Aggeliki Baliaka, Styliani Papaemmanouil, Angeliki Cheva, Nikoleta Pastelli, Leonidas Sakkas
Background: Dirofilariasis is a zoonosis transmitted by mosquitoes from animals to human beings. The most common symptoms include cough, chest pain, fever, eosinophilia and hemoptysis. Some patients may be asymptomatic.
Objective: The report of an interesting case of this rare disease.
Case presentation: A 45-year-old female presented to our hospital with cough, dyspnea and fever. The radiological evaluation revealed a coin lesion, measuring 1.3 cm at the right upper lobe. The patient underwent partial lobectomy due to a suspected neoplasm. Frozen section excluded the presence of neoplastic cells.
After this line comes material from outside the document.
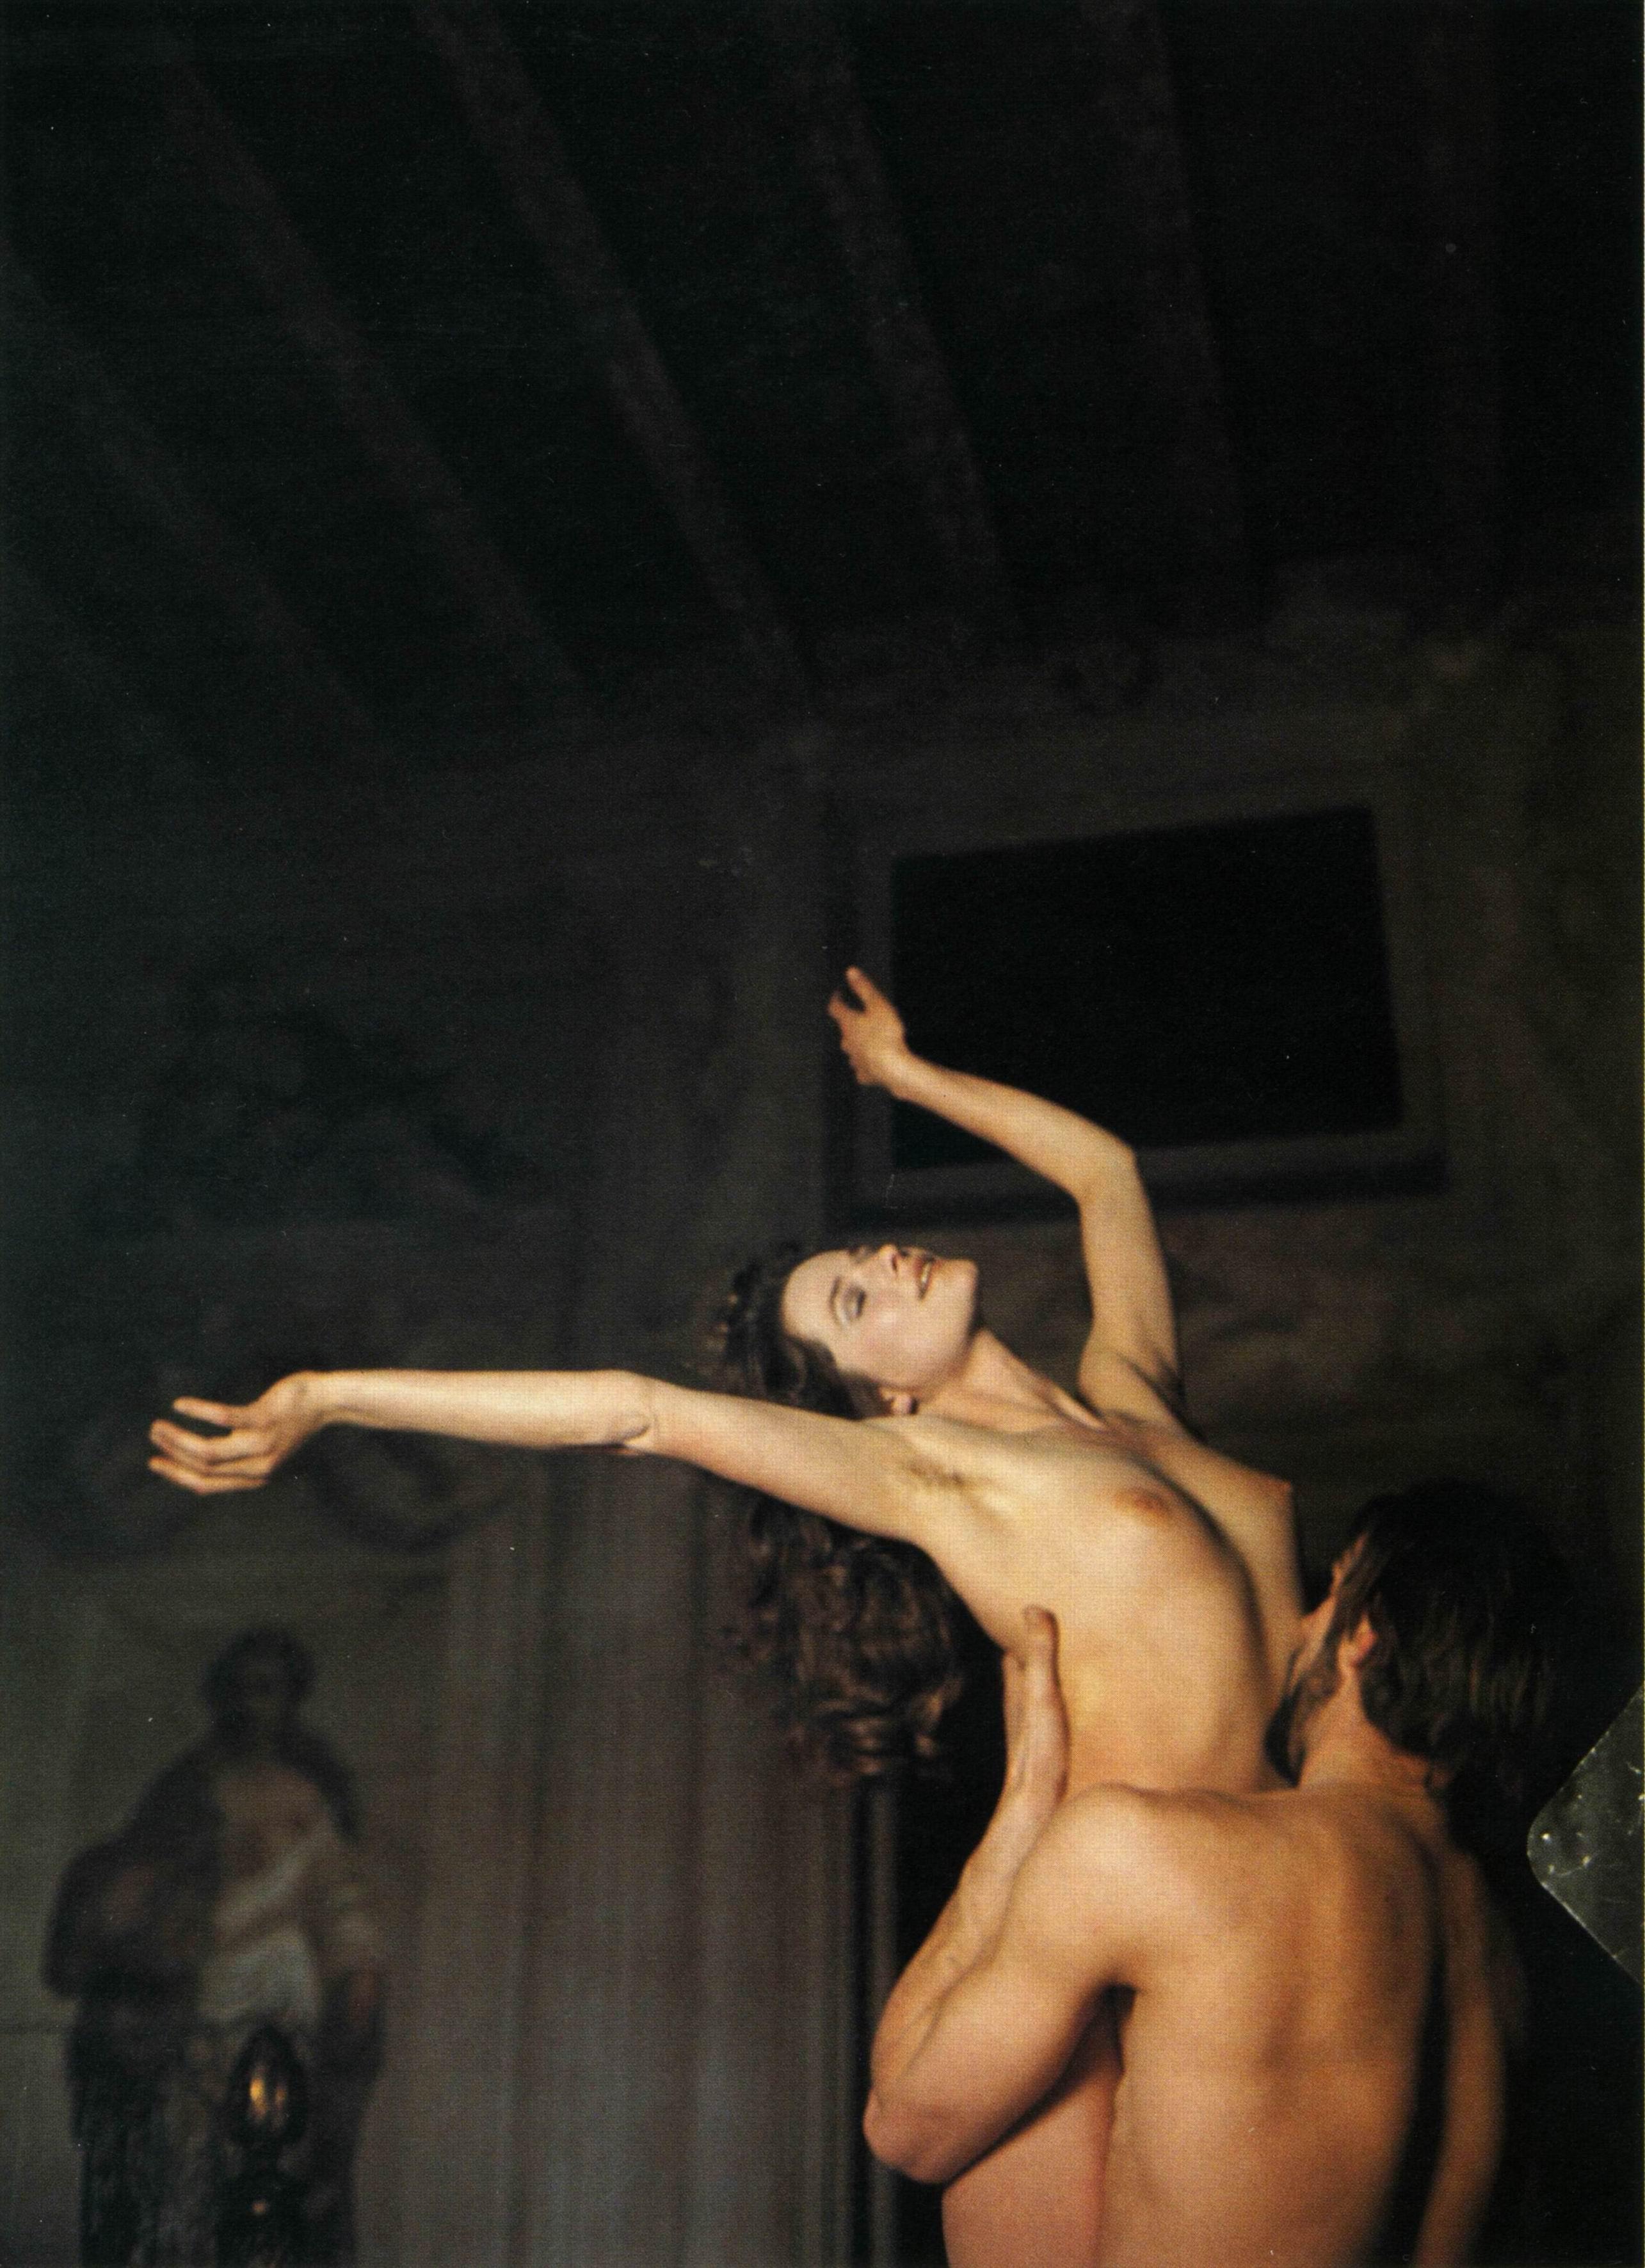 Обнаженная порно модель Шарлотта Рэмплинг смотреть онлайн 1 фото

The histological examination showed a necrotic nodule, well demarcated from surrounding lung parenchyma by fibrous connective tissue, histiocytes and multinucleated giant cells. Worms of Dirofilaria were embedded in the center of necrotic nodule.
Conclusions: Five species of Dirofilaria are known to cause infections in humans (D. immitis: lung parenchyma infection, D. tenuis or D. conjunctivae: subcutaneous nodules in face, conjunctiva of the eye, chest wall, abdominal wall as well as D. repens, D. ursi and D. subdermata). Human pulmonary dirofilariasis is a rare entity, however it should be included in the differential diagnosis in patients with small, solitary pulmonary necrotic nodules.